Under the 59-cm diameter hood is a large PCB that houses a system-on-chip, including a custom quad-core ARM Cortex-A53 processor, the architecture of which isn’t publicly documented, making it harder to hack. Among other items on the board are radio frequency equipment, power over ethernet systems, and a GPS receiver. Opening up the dish allowed Wouters to understand how it boots up and download its firmware.
To design the modchip, Wouters scanned the Starlink dish and created the design to fit over the existing Starlink board. The modchip requires soldering to the existing Starlink PCB and connecting it using a few wires. The modchip itself is made up of a Raspberry Pi microcontroller
To get access to the dish’s software, Wouters used his custom system to bypass security protections by using the voltage fault injection attack. When the Starlink dish is turning on, it uses a series of different bootloader stages. Wouters’ attack runs the glitch against the first bootloader, known as the ROM bootloader, which is burned onto the system-on-chip and can’t be updated. The attack then deploys patched firmware on later bootloaders, which allows him to take control of the dish.
“From a high-level view, there are two obvious things that you could try to attack: the signature verification or the hash verification,” Wouters says. The glitch works against the signature verification process. “Normally you want to avoid shorts,” he says. “In this case we do it on purpose.”
Initially, Wouters attempted to glitch the chip at the end of its boot cycle—when the Linux operating system has fully loaded—but ultimately found it easier to cause the glitch at the start of the boot. This way was more reliable, Wouters says. To get the glitch to work, he says, he had to stop decoupling capacitors, which are used to smooth out the power supply, from operating. Essentially, the attack disables the decoupling capacitors, runs the glitch to bypass the security protections, and then enables the decoupling capacitors.

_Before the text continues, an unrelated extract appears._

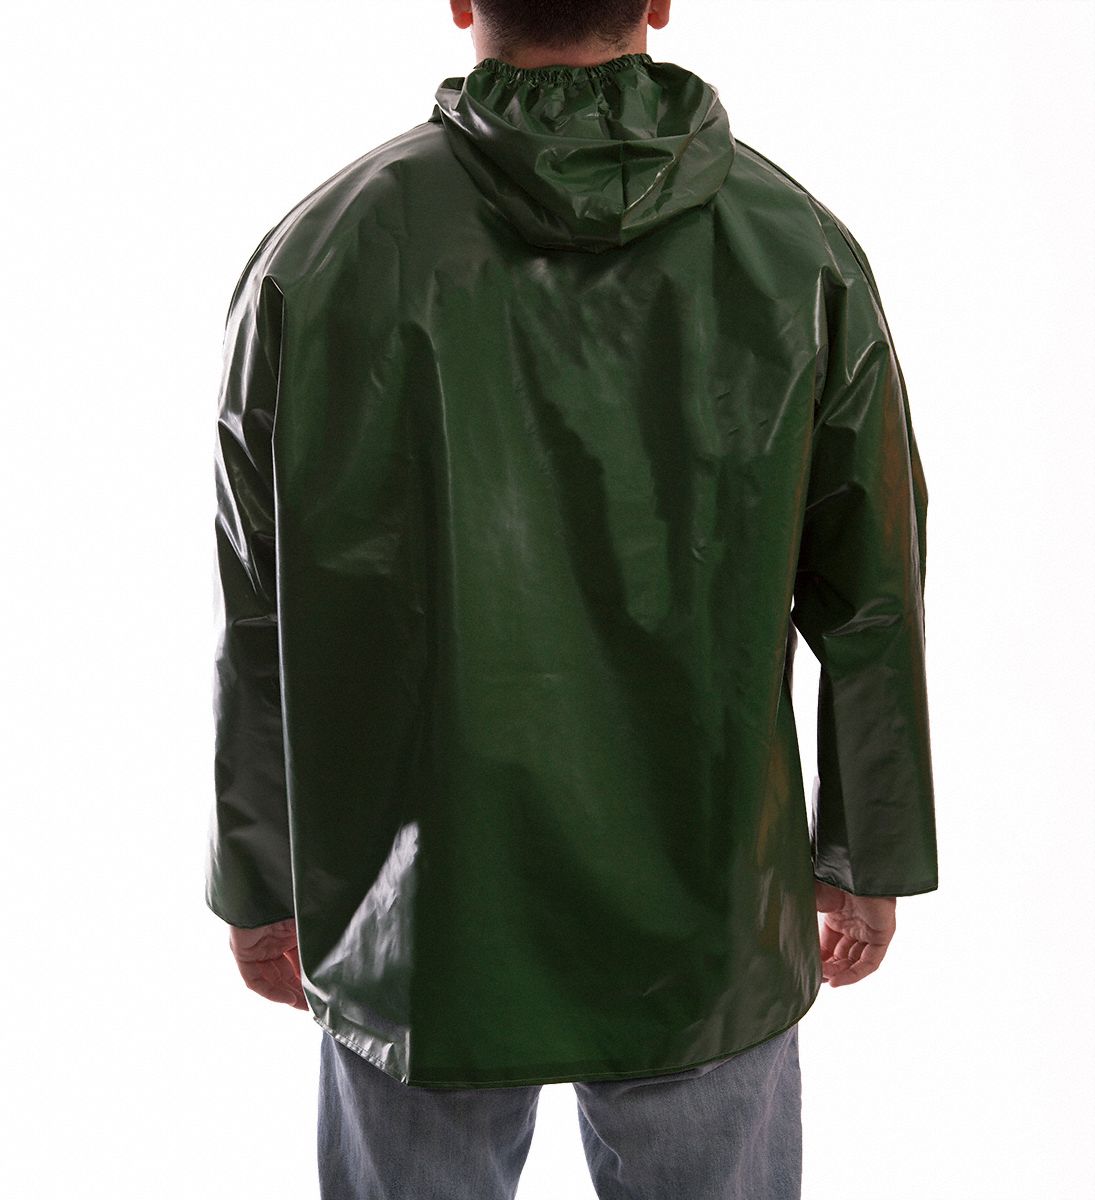 TINGLEY Rain Jacket with Hood: Rain Jacket, L, Green, Snaps with Storm ...
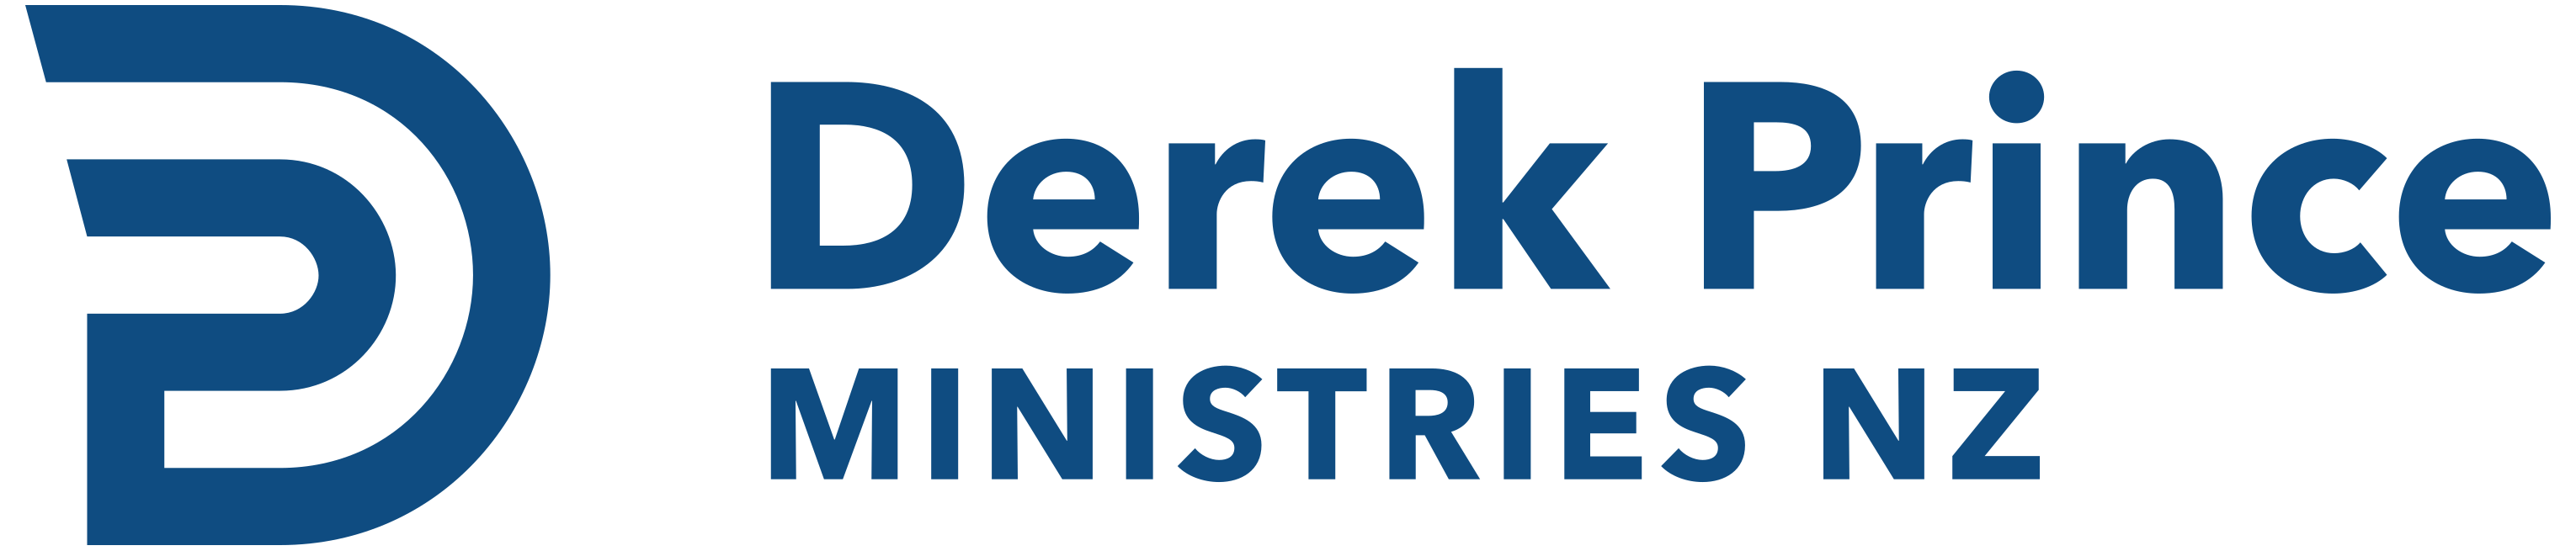 Derek Prince Ministries - New Zealand logo

This process allows the researcher to run a patched version of Starlink’s firmware during the boot cycle and ultimately allows access to its underlying systems. In response to the research, Wouters says, Starlink offered him researcher-level access to the device’s software, although he says he declined as he had gone too deep with the work and wanted to build the modchip. (During testing, he hung the modified dish out of this research lab’s window and used a plastic bag as a makeshift waterproofing system.)